+++ Dataset excerpt
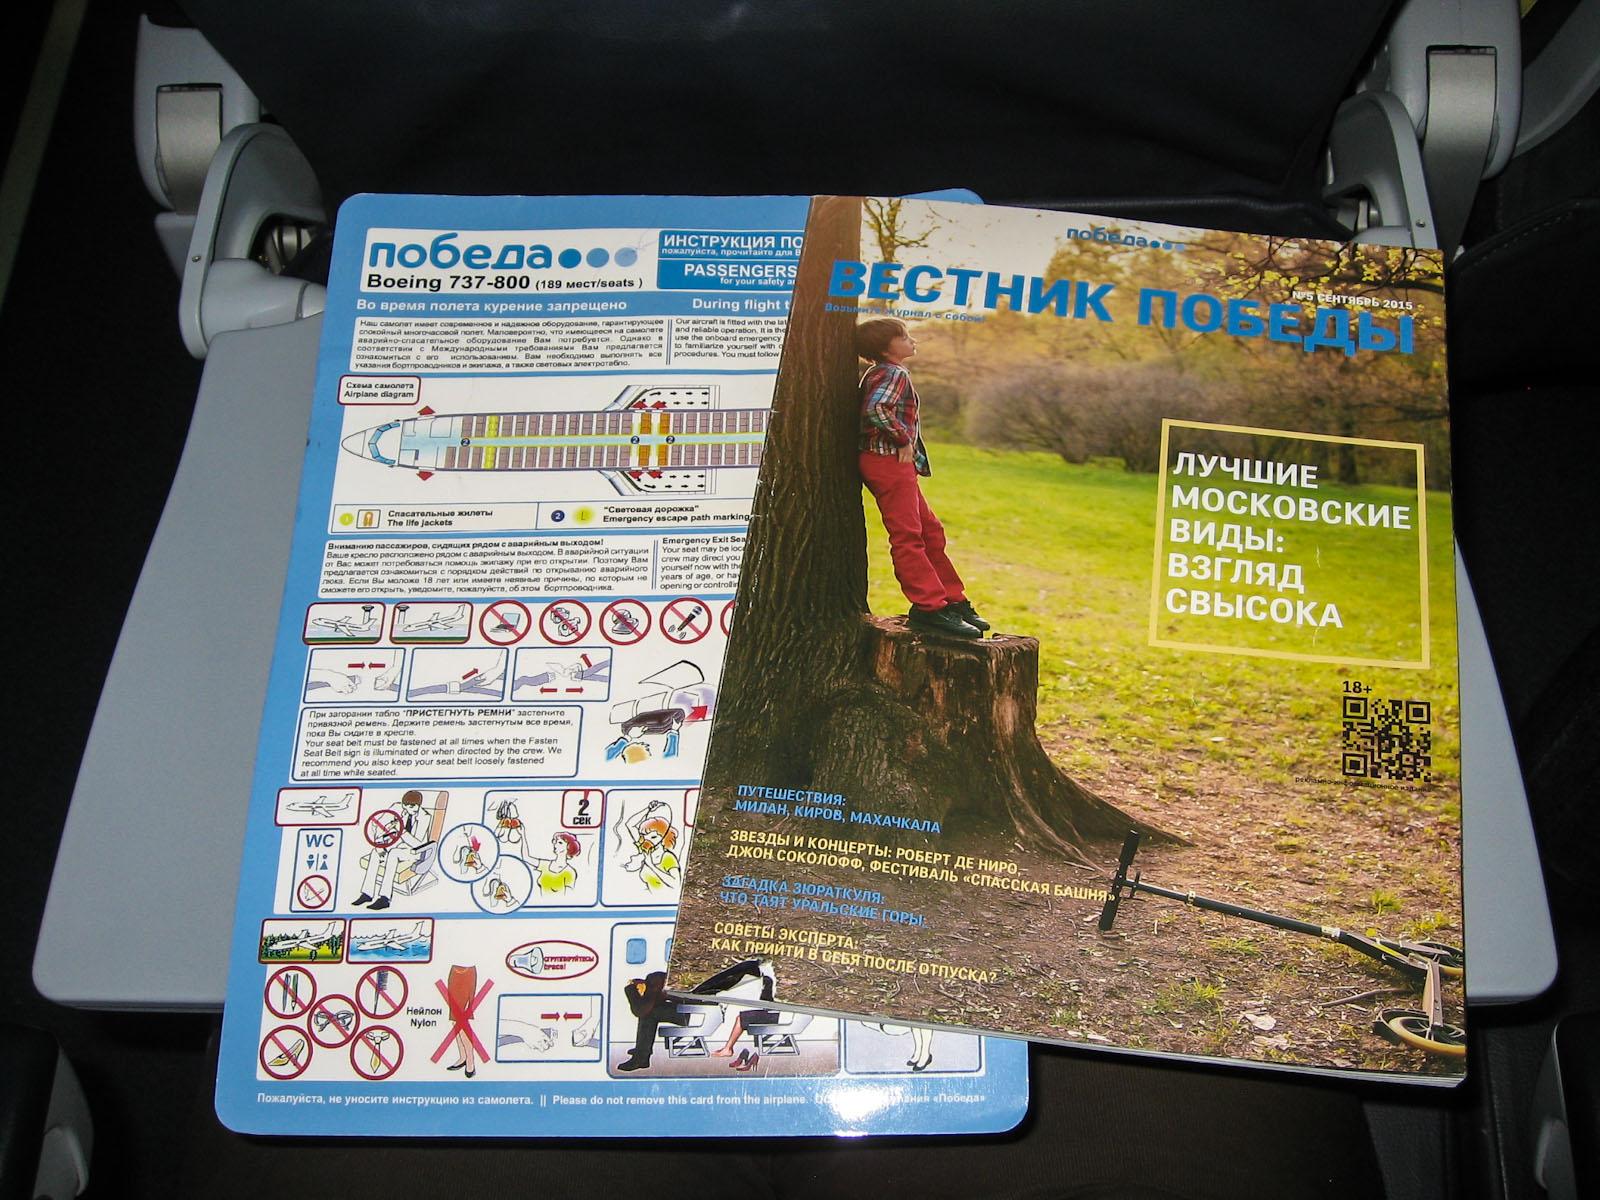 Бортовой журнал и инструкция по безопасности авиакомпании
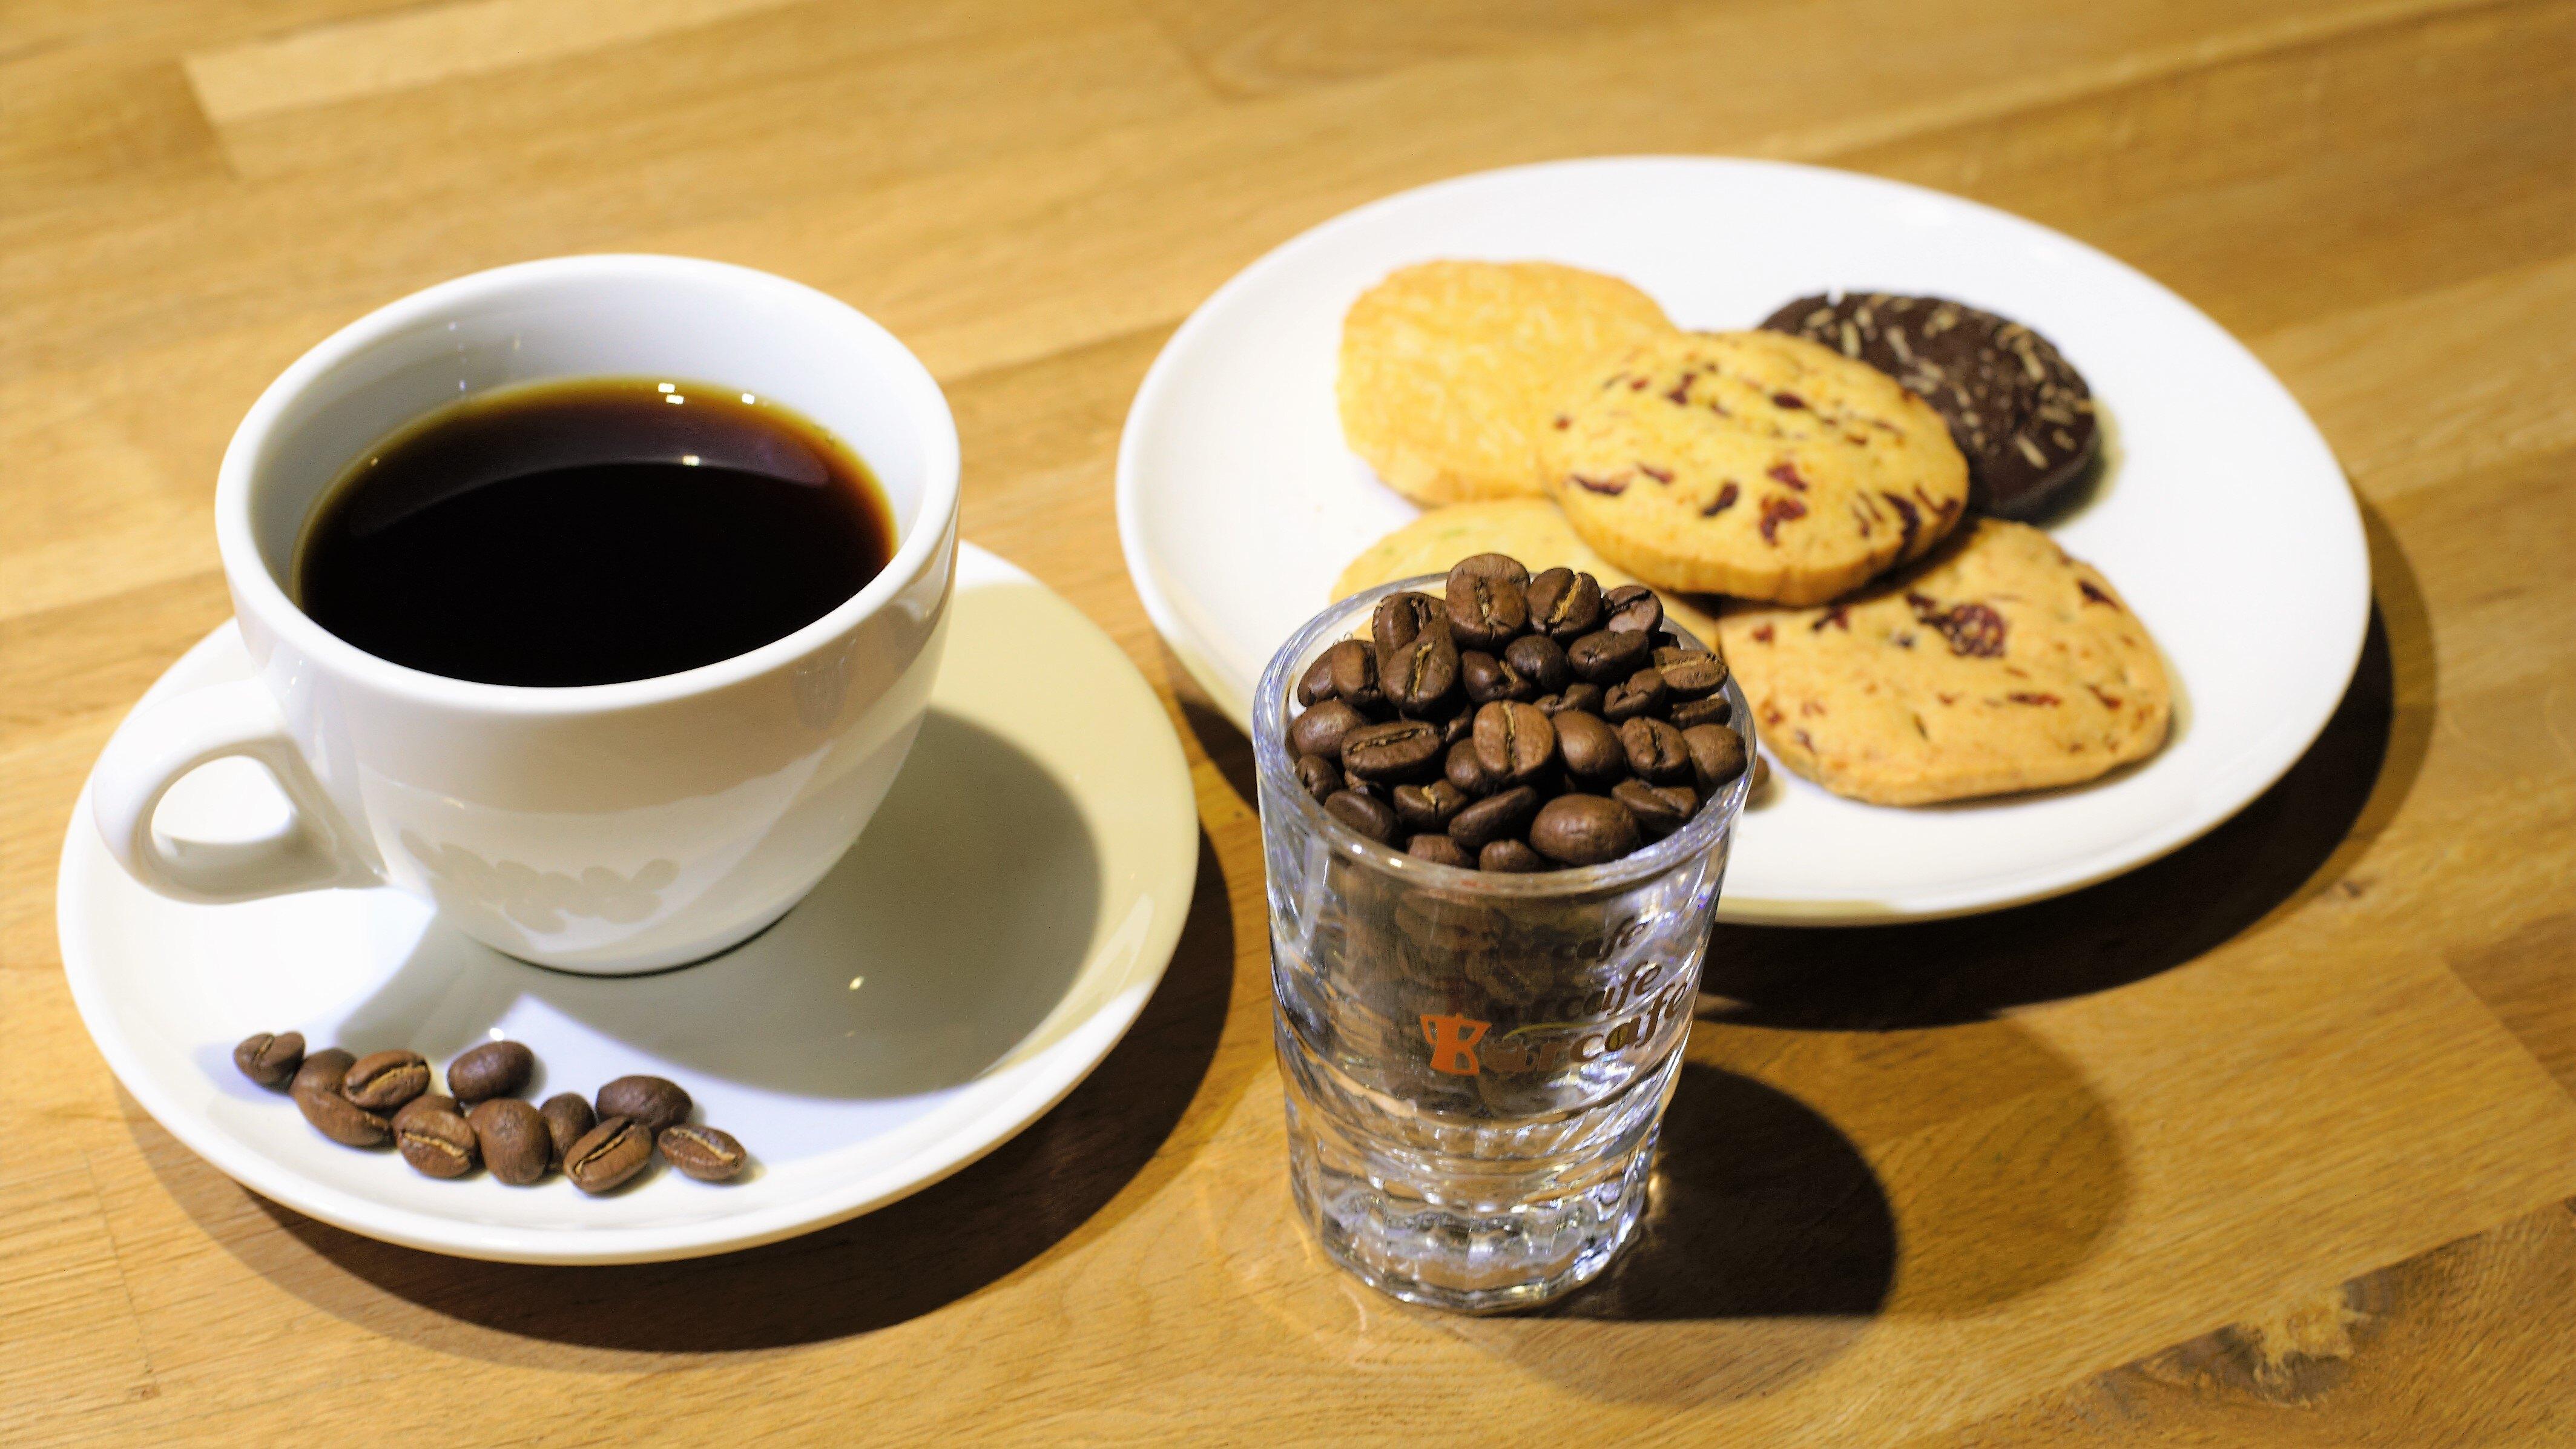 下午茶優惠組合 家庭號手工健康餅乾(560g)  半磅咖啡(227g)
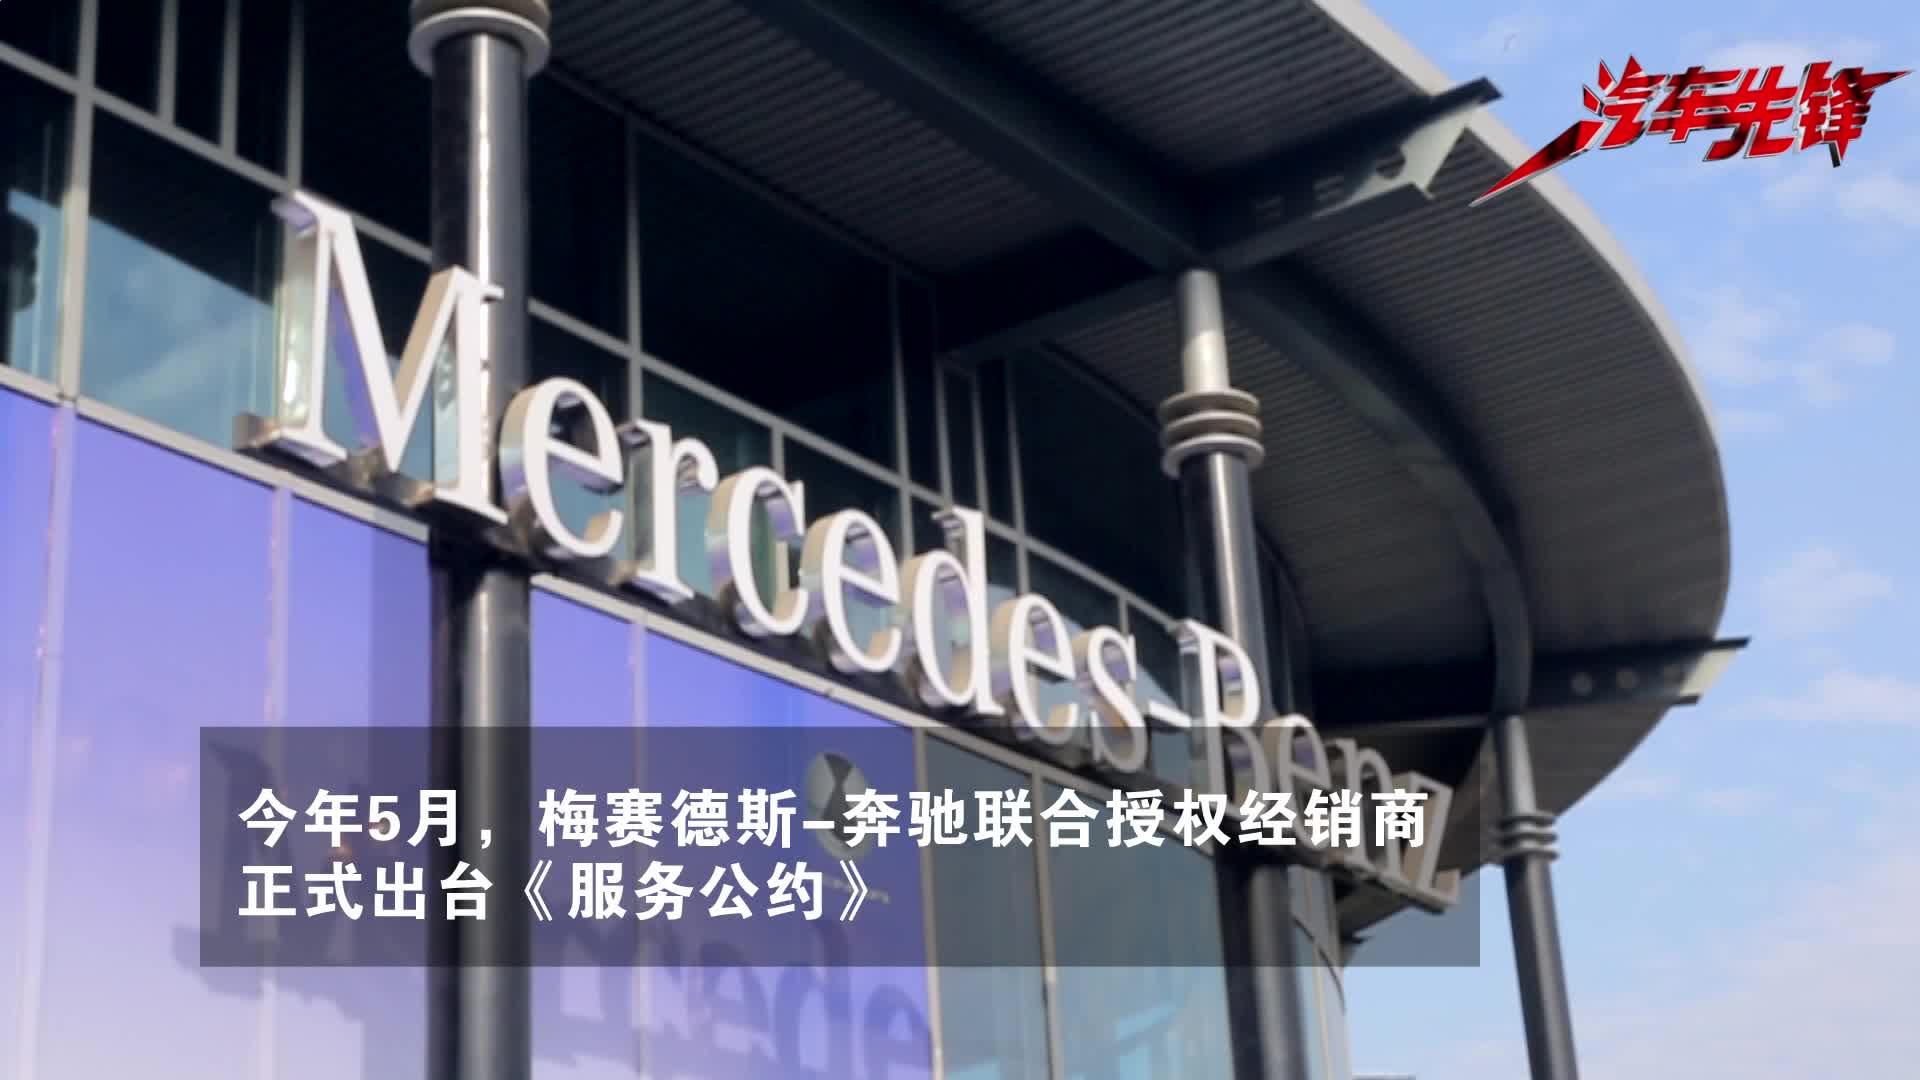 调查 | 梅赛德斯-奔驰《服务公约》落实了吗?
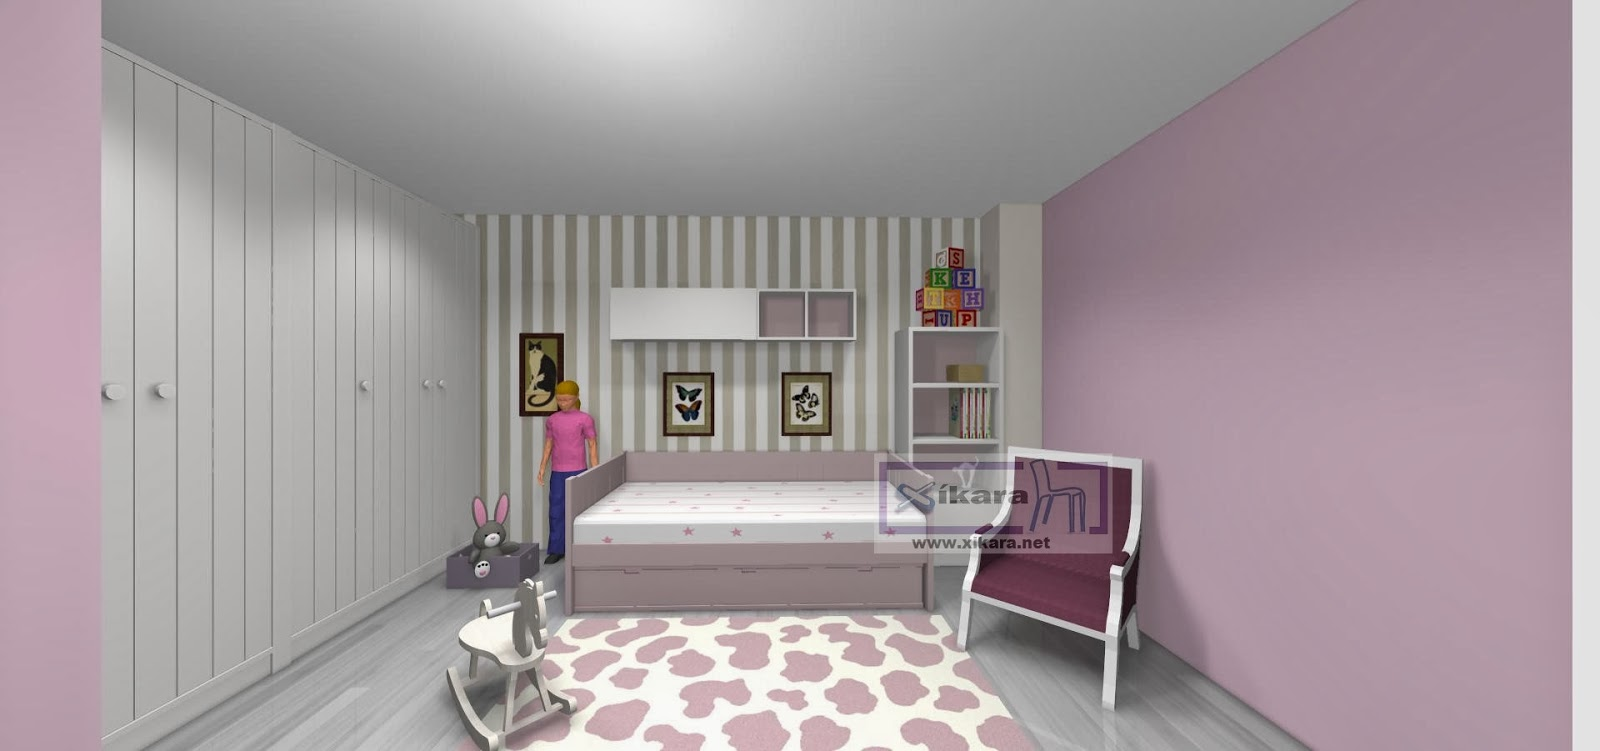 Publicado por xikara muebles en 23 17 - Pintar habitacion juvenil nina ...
++++++
▶ What is expected: Every line of the listing should be repeated exactly; no picture should appear.

▶ Result of the exercise:
 Бортовой журнал и инструкция по безопасности авиакомпании
 下午茶優惠組合 家庭號手工健康餅乾(560g)  半磅咖啡(227g)
 调查 | 梅赛德斯-奔驰《服务公约》落实了吗?
 Publicado por xikara muebles en 23 17 - Pintar habitacion juvenil nina ...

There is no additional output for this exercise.